Global body adopts new measures to stop the spread of plant pests

Apr 20, 2018

"This is challenging work with high stakes. Each year an estimated 10-16 percent of our global harvest is lost to plant pests. A loss estimated at $220 billion", FAO Deputy Director-General Maria Helena Semedo said at the opening of this year's IPPC annual meeting in Rome.

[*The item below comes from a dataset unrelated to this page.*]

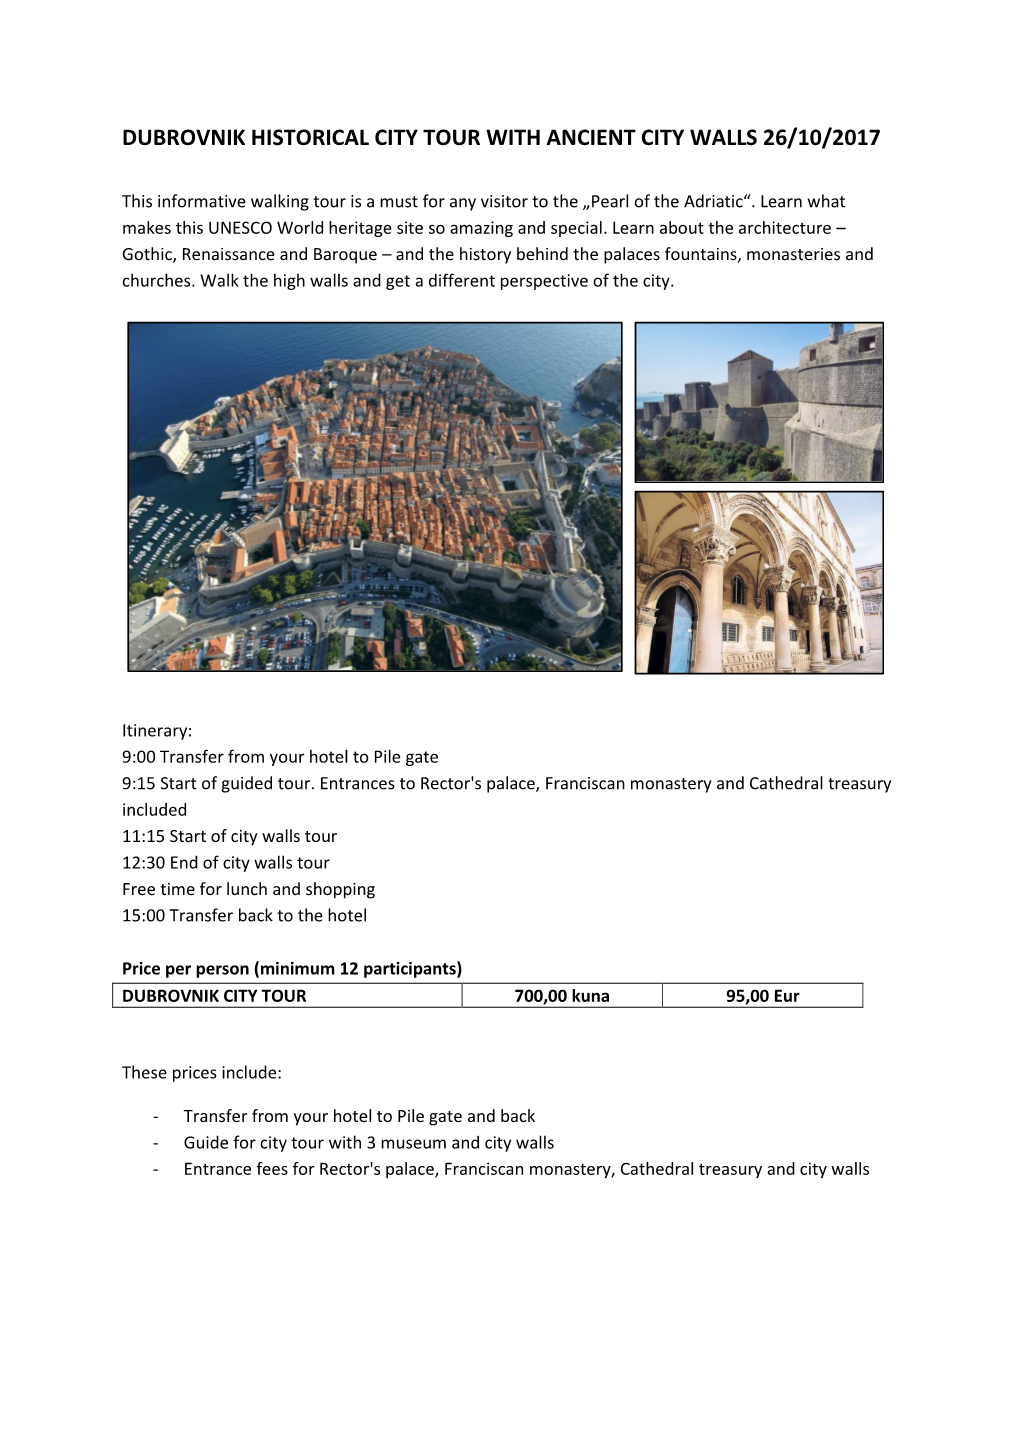 Dubrovnik Historical City Tour with Ancient City Walls 26/10/2017

The body in charge of keeping global trade in plants and plant products safe has adopted several new phytosanitary standards aimed at preventing destructive agricultural and environmental pests from jumping borders and spreading internationally.
 
A press release issued from Rome on Wednesday  said the standardized norms developed by the International  Plant Protection Convention (IPPC) cover a range of strategies and techniques used to prevent the introduction and spread of plant diseases and pests to new environments, thereby avoiding their often-devastating impacts on biodiversity, food security and trade.
 
"This is challenging work with high stakes. Each year an estimated 10-16 percent of our global harvest is lost to plant pests. A loss estimated at $220 billion", FAO Deputy Director-General Maria Helena Semedo said at the opening of this year's IPPC annual meeting in Rome.
 
Some $1.1 trillion worth of agricultural products are traded internationally each year, with food accounting for over 80 percent of that total, according to FAO data.
 
New measures adopted this week by the IPPC's governing body, the Commission on Phytosanitary Measures (CPM), include: Standard on the use of various temperature treatments against agricultural pests. The standard aims at ensuring that such treatments are consistently and effectively used in different operational contexts.
 
The norm covers cold treatment techniques that freeze and kill pests as well as those that raise temperatures past their survival threshold, the press release said.
 
"This can be achieved by submerging them in extremely hot water or exposing them to super-heated steam (for commodities vulnerable to drying out, such as fruits, vegetables or flower bulbs) or dry heat (ideal for low moisture-content items such as seeds or grain).
 
Another measure is revised standard for sanitation of wood packing materials. An existing standard, known as ISPM-15, was updated to include the use of sulphuryl fluoride, a gas insecticide, and new-generation heating technologies that employ microwave and radio frequency waves to generate pest-killing temperatures deep inside wood products.
 
Also, an expanded standard on the use of heat vapour to kill Oriental Fruit Flies. The highly destructive, fruit-attacking Bactrocera dorsalis originated in Asia but has now spread to at least 65 countries. Its presence in Africa, where it first appeared in 2003, costs the continent an estimated $2 billion in annual losses due to fruit export bans. The control technique outlined under the new measure kills 99.98 percent of the bug's eggs and larvae when used correctly.
 
The IPPC Commission also approved revisions that streamline existing standards targeting fruit flies to make it easier for countries to comply with them and improve their effectiveness, as well as revisions to a standard that establishes best-practice benchmarks for the operation of national pest surveillance programs.
 
The press release said the dangerous hitchhikers carried by global trade, plant pests and diseases, once introduced into new environments can quickly take root and spread, impacting food production and causing billions in economic damages and control cost. One recent study in East Africa, for instance, found that just five invasive alien species could be causing as much as $1.1 billion in economic losses annually to smallholder farmers in the region.
 
"Not only can fruits, crops and seeds become infected, but the containers and boxes they travel in, as well. Packaging for overseas shipments is commonly constructed from wood, which is relatively inexpensive, and easily manufactured — but also easily infested with a variety of bark and wood pests, and so act as a vector. Timber and wood-made products like furniture can harbour stowaways, also."